지구/행성 내부의 다양한 지질학적 과정을 이해하기 위해서는 고온-고압 환경에서 지구 내부 구성물질의 특성을 이해하는 것이 필수적이다. 이러한 고압환경을 생성하기 위하여 사용되는 멀티 앤빌 프레스(multi-anvil press)는 주로 상부맨틀조건의 극한 상황을 재현하는데 사용된다. 멀티 엔빌프레스의 지질학적 사용을 위한 필수 보정 과정 중 하나는 압력을 생성하기 위한 프레스의 유압과 실제로 시료에 가해지는 압력 사이의 관계인 압력-부하 보정(pressure-load calibration)이다. 압력-부하 보정은 일반적으로 고온-고압 조건에서는 결정질 물질의 상전이를 이용해서 이루어지는데, 고온에서의 경우와 달리 저온(상온)의 경우 상전이 과정이 상대적으로 비효율적이므로 압력-부하 보정의 다른 방법론이 요구된다. 본 연구에서는 파이로프 조성(Mg3Al2Si3O12)의 비정질(비정질 파이로프)의 상온에서의 압축(cold compression)에 따라 발생하는 영구적인 고밀도화 현상(permanent densification)과 그 기원이 되는 알루미늄 배위 환경의 변화를 고해상도의 27Al MAS 및 3QMAS NMR 분광분석을 통해 정량화하고, 이로부터 압력에 따른 알루미늄의 배위수 변화를 이용해 14/8 HT 조립세트(assembly set)와 1,100톤 멀티 앤빌 프레스에 대한 상온에서의 압력-부하 보정을 수행하였다. 본 연구는 NMR분광분석을 이용하여 압력보정을 수행한 최초의 연구결과이며, 비정질 파이로프의 압축-감압에 따른 원자 단위에서의 비가역적 구조 변화는 섭입대 환경과 같은 저온 고압 환경에서 비정질 물질이 겪는 변화와 그에 따른 지질학적 현상의 이해고양에 실마리를 제공한다.

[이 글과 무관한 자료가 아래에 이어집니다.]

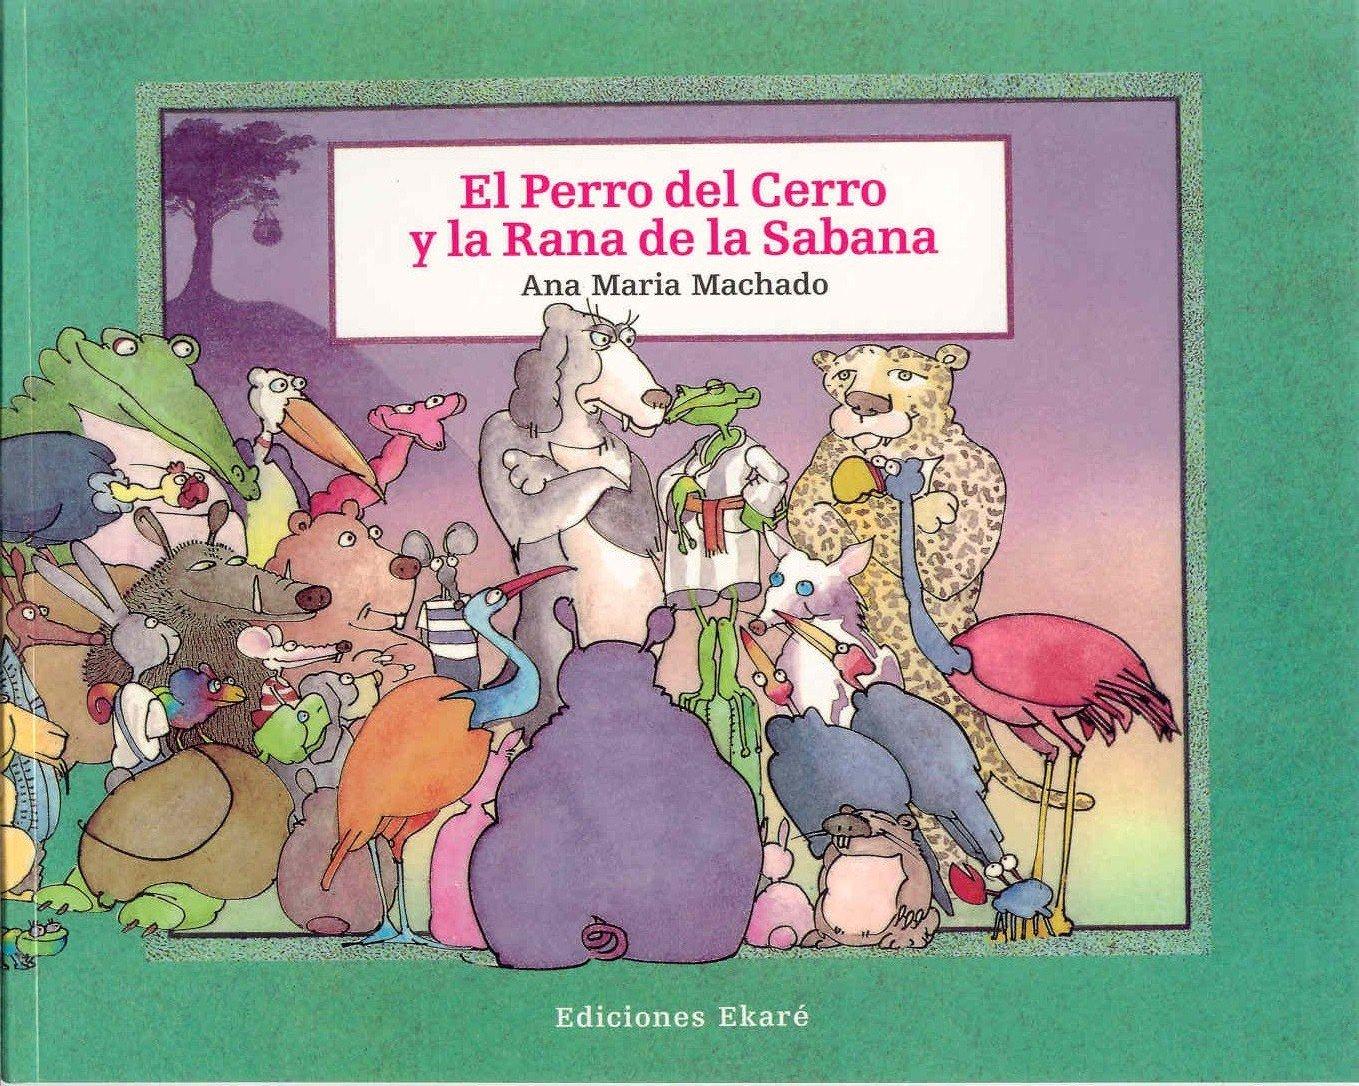 El perro del cerro y la rana de la sabana (Spanish) Paperback – January 1, 1986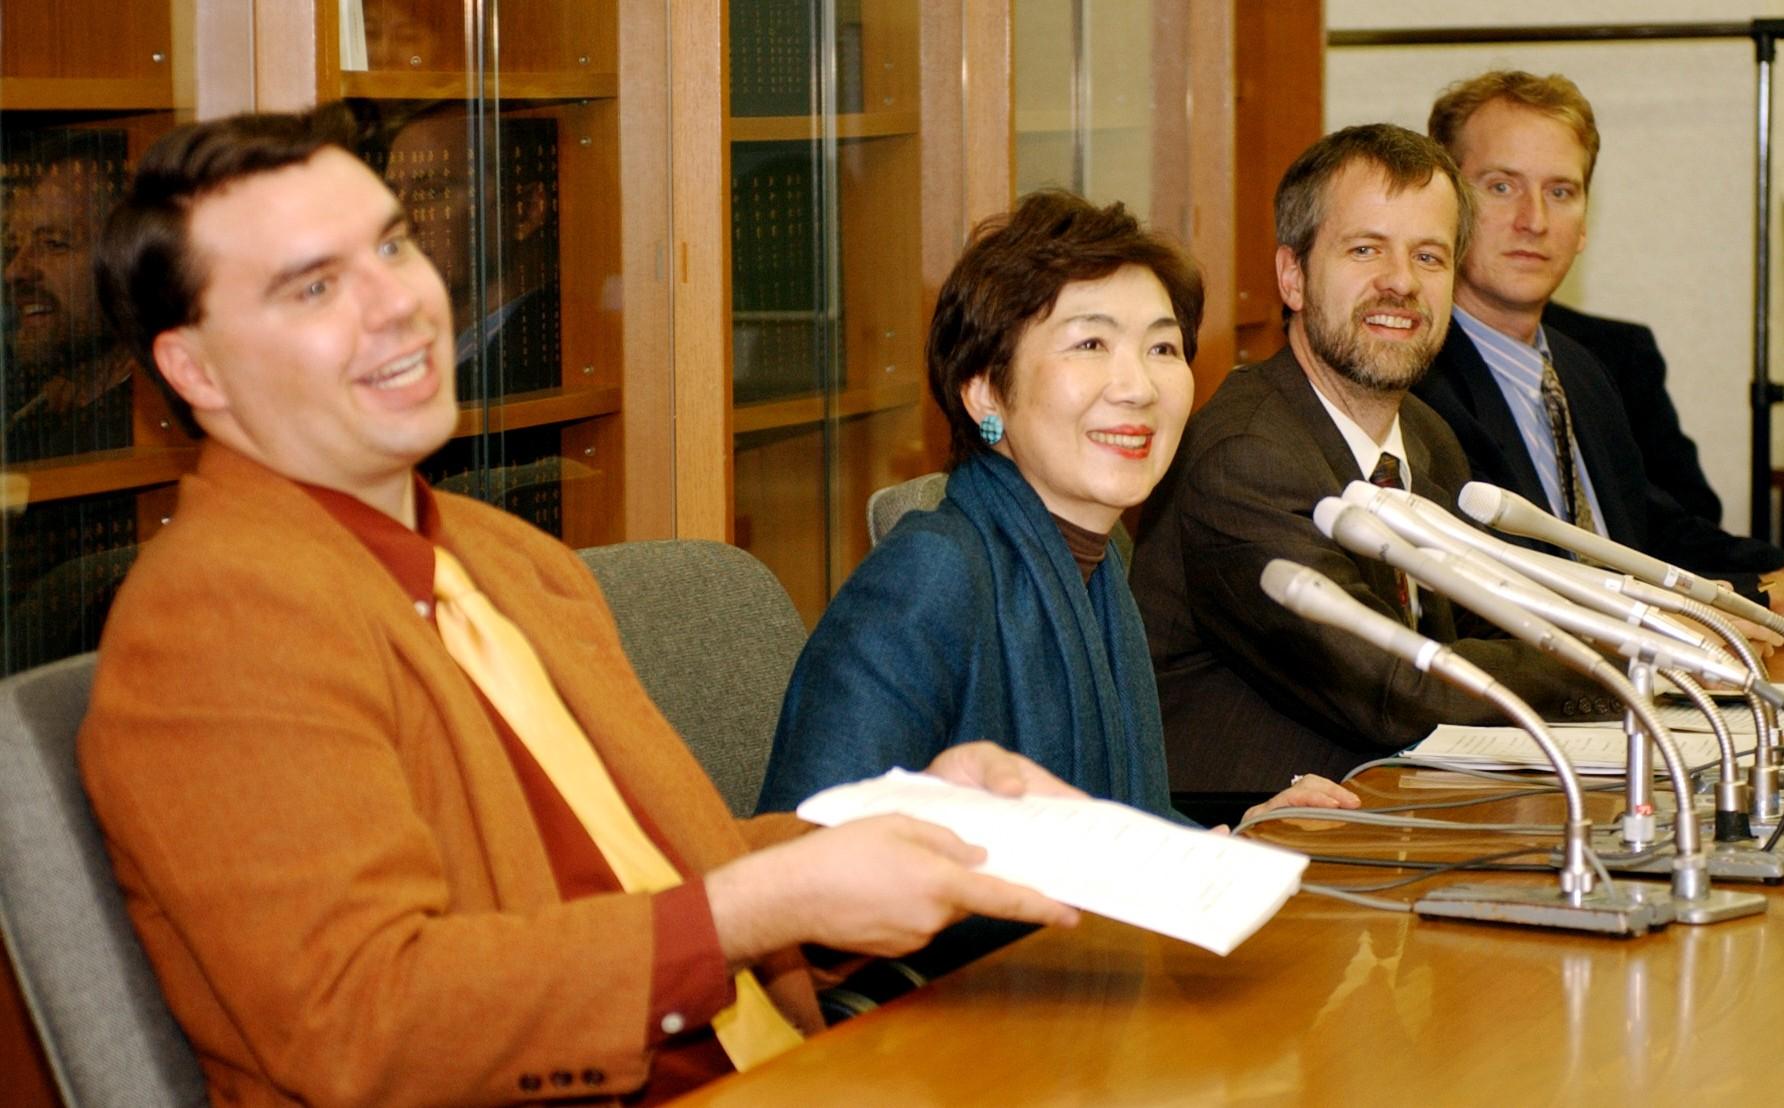 小樽市の外国人入浴拒否問題で判決後、記者会見する有道出人さん(左端)ら原告=2002年11月、札幌市中央区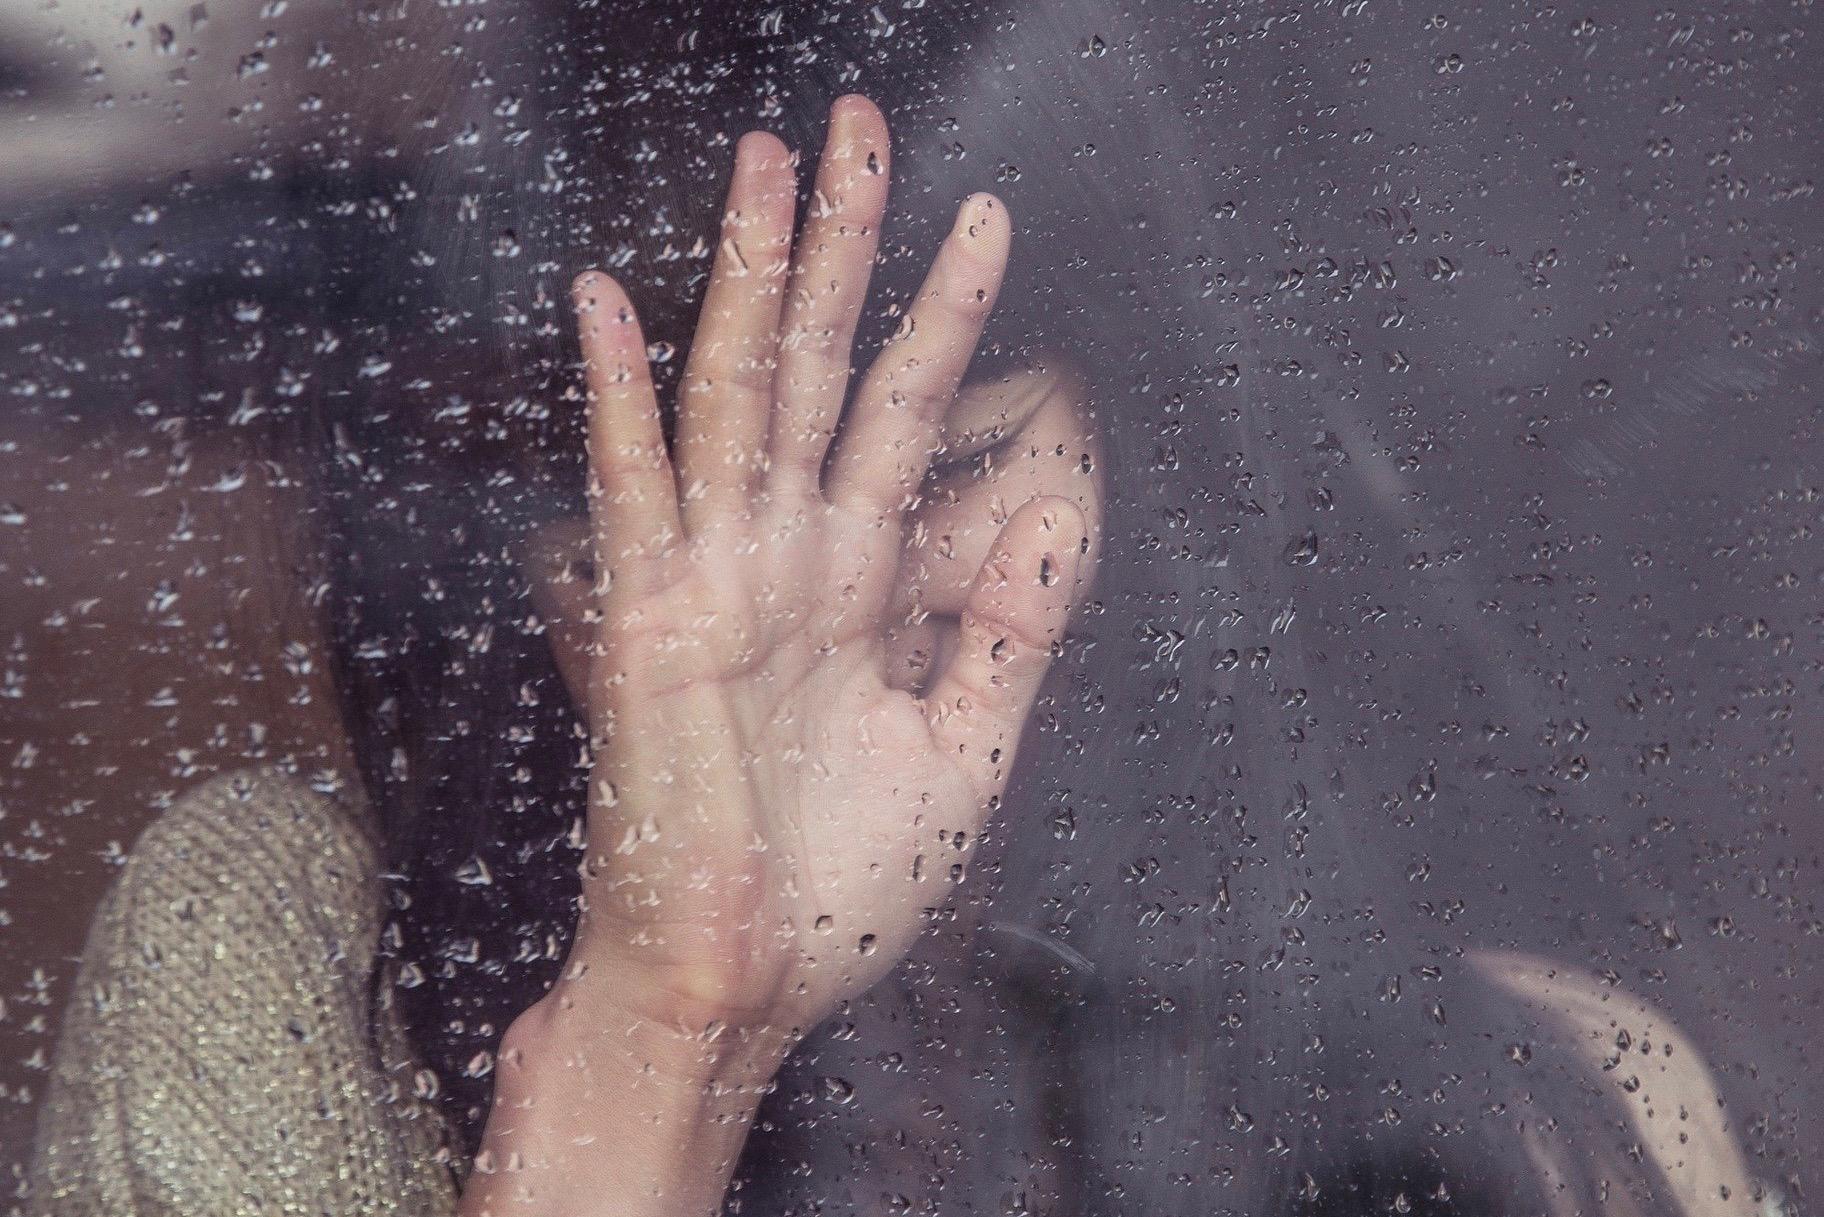 Les services de police et de gendarmerie ont enregistré une hausse de 16% des violences conjugales qui ont concerné 142.310 personnes tous sexes confondus en 2019, a annoncé lundi le service statistiques du ministère de l'Intérieur.

The proper estimation of physical and chemical properties of Earth materials and their structures at high pressure and high temperature conditions is key to the full understanding of diverse geological processes in Earth and planetary interiors. Multi-anvil press - high-pressure generating device - provides unique information of Earth materials under compression, mainly relevant to Earth's upper mantle. The quantitative estimation of the relationship between the oil load within press and the actual pressure conditions within the sample needs to be established to infer the planetary processes. Such pressure-load calibration has often been based on the phase transitions of crystalline earth materials with known pressure conditions; however, unlike at high temperature conditions, phase transitions at low (or room) temperatures can be sluggish, making the calibration at such conditions challenging. In this study, we explored the changes in Al coordination environments of permanently densified pyrope glasses upon the cold compression using the high-resolution 27Al MAS and 3QMAS NMR. The fractions of highly coordinated Al in the cold compressed pyrope glasses increase with increasing oil load and thus, the peak pressure condition. Based on known relationship between the peak pressure and the Al coordination environment in the compressed pyrope glasses at room temperature, we established a room temperature pressure-load calibration of the 14/8 HT assembly in 1,100-ton multi-anvil press. The current results highlight the first pressure-load calibration of any high pressure device using high-resolution NMR. Irreversible structural densification upon cold compression observed for the pyrope glasses provides insights into the deformation and densification mechanisms of amorphous earth materials at low temperature and high pressure conditions within the subducting slabs.

키워드

과제정보

본 연구는 한국연구재단(2020R1A3B2079815)의 지원으로 수행되었습니다. NMR 분석에 도움을 준 김효임 교수님께 감사드립니다. 심사위원들의 사독에 감사드립니다.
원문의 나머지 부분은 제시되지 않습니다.